Join us at The Hmm @ No Limits! Art Castle, where we’ll be joined by six artists, researchers, and makers who’ll take us through their intersections and interactions with internet culture.
This event is connected to Boujloud Beats: Rhythms of Plurality, the group exhibition now on view at No Limits! Art Castle, in which artists explore the boundaries of art and identity, inspired by the Moroccan Boujloud ritual. The title Boujloud Beats: Rhythms of Plurality refers to the way people constantly shift between different layers of their personality, and how these layers sometimes come together or clash. The identities of the artists and how they navigate through society, expressing themselves in various forms, are just as important as the artworks themselves. Just as the Boujloud ritual breaks aesthetic conventions, the exhibition does so as well by celebrating plural identities and self-expression.

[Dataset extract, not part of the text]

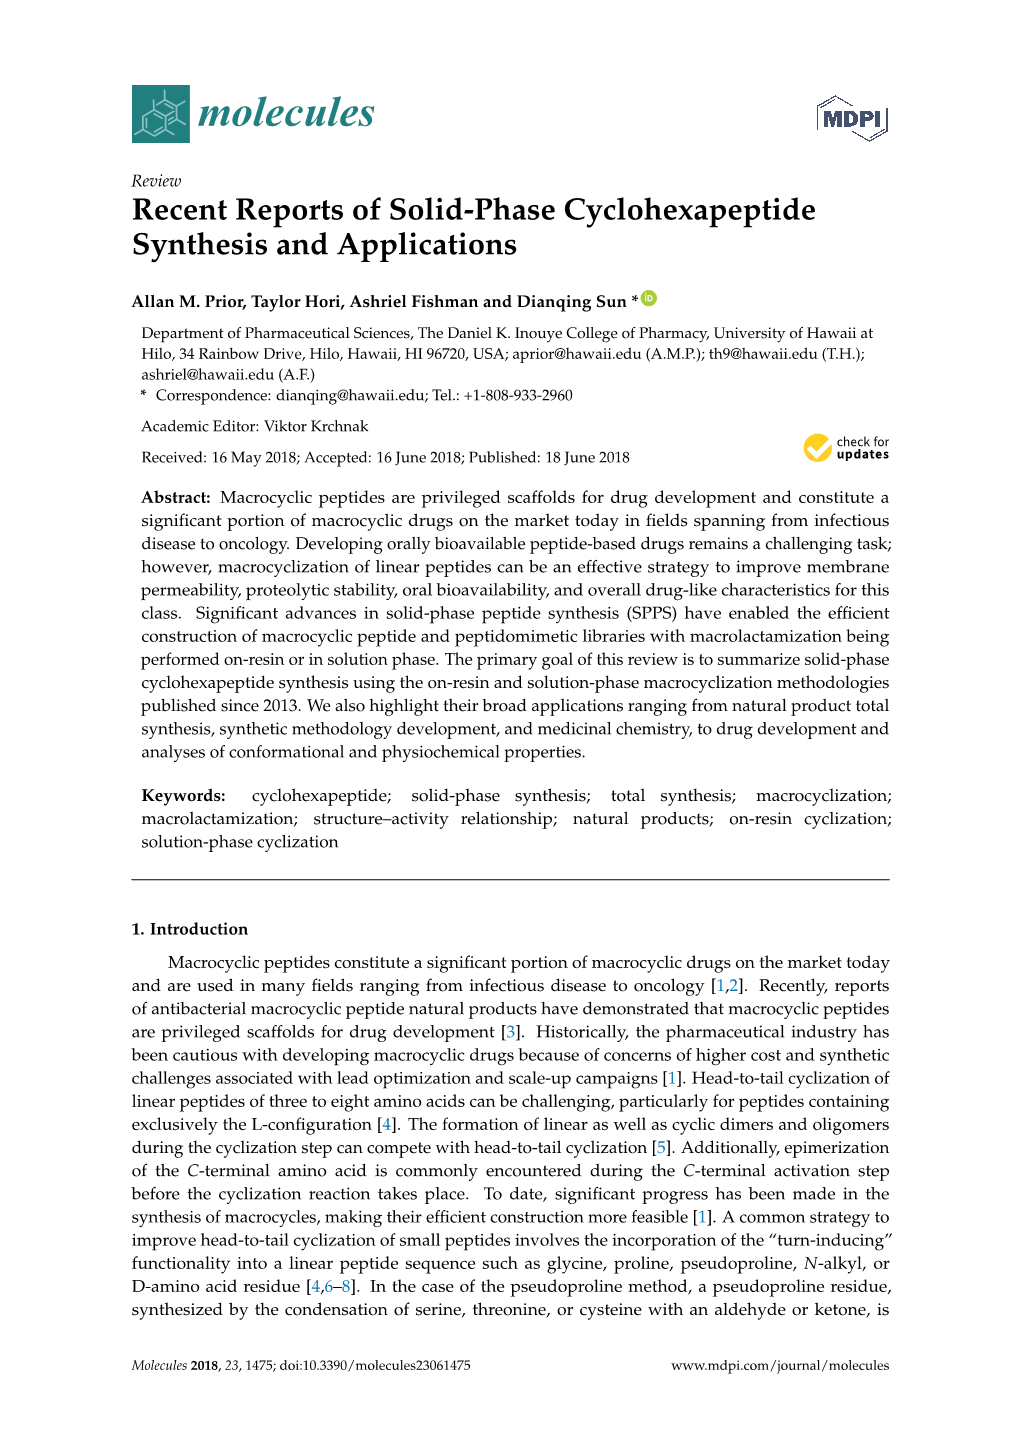 Recent Reports of Solid-Phase Cyclohexapeptide Synthesis and Applications

We’re excited to have Simomo Bouj, curator of Boujloud Beats: Rhythms of Plurality, and artist Rex Collins helping us put together a powerful program for this night.
♿️ Accessibility Note
During the event we can provide live closed captioning for those with hearing impairment. Please reach out to us if you are joining on-site and have this access need, so we can reserve a seat for you within view of the screen with captions. If you are joining online via our livestream, live captioning will be available as one of the streaming modes.
Abu Shhab is a show girl, online troll, conceptual performer, and an audio/visual artist working with vanity as a research space in identity politics. A novelist without novels, they create and perform an excessive amount of alter egos, and characters with many different story arcs and urgencies—writing their own narratives in various contexts of nightlife, online platforms, museums, clubs, and contemporary art spaces. They’ll be joining us to talk about their latest framework: troll debates as a medium of research on social media platforms to engage with harmful political rhetorics, opposing them with vulgar satire. Link
Va-Bene Elikem Fiatsi
Va-Bene (aka crazinisT artisT) is a trans woman who lives in Kumasi, Ghana and works internationally as a multidisciplinary “artivist”, curator, philanthropist, artvangelist, and a mentor across several countries. As a performer and installation artist, crazinisT investigates gender stereotypes, prejudices, queerness, identity politics and conflicts, sexual stigma, and their consequences for marginalised groups and individuals. Through rituals and a gender-fluid persona, she employs her own body as a thought-provoking tool in her work. She will be talking about the censorship of artivists and queer voices online. Link
Rex Collins
Rex Collins is an artist currently based in Amsterdam. Their artistic practice, using installation, image, performance, and text, centers around in-betweenness and intimacy through a critical queer/trans lens. Their work incorporates elements of drag, pop culture, and unconventional materials. Rex directs the audience’s attention to often overlooked experiences of trans fantasy. During the event, they’ll talk about sexting as a kind of intimate literacy that collapses into feelings and touch, crossing the digital and pulling the body into its virtual becoming. Link
Eleni Maragkou
Eleni Maragkou is an Amsterdam-based jack-of-all-trades, master of some. She holds a research master’s in media studies and thinks and writes about the internet, and the ordinary ways in which humans produce meaning. Eleni doesn’t dream of labour, but in her waking hours keeps her mind busy with writing, editorial work, comms girlbossing, media research, occasional public speaking, and most cringe of all, DJing. She’ll be joining us to talk about the oppositional aesthetics of girlhood, the emergent (wo)man-o-sphere, and embracing failure. Link
Lucas Lugarinho
Lucas works with video games and painting, sampling disparate media ecosystems into counter-colonial narratives that explore what political alliances emerge from encountering otherness. For this event he will present a brief anthology of political assassinations in video games and interactive media.
WeirDo
Omar Sherif, aka WeirDo, was born in Egypt in 2000. He was diagnosed with Duchenne muscular dystrophy at the age of 9 and began using a wheelchair 2 years after. Through his art, WeirDo continues to defy expectations and showcase his creativity and resilience. In his presentation WeirDo will talk about his finsta, the Opium aesthetic and how it influenced his work, and the time he faked his death on Aprils Fools’.
Razeen
To close off our last hybrid event of the year, we’ve prepared a special closing act together with our guest curators. As a Sudanese, raised in The Netherlands, in his art Razeen walks on the thin line between his Afro-Arabic roots & his Western pop culture influences. With his introspective yet playful sense of self you can expect a dynamic, energetic yet vulnerable performance.
Get ready for some Arabic/English dance music!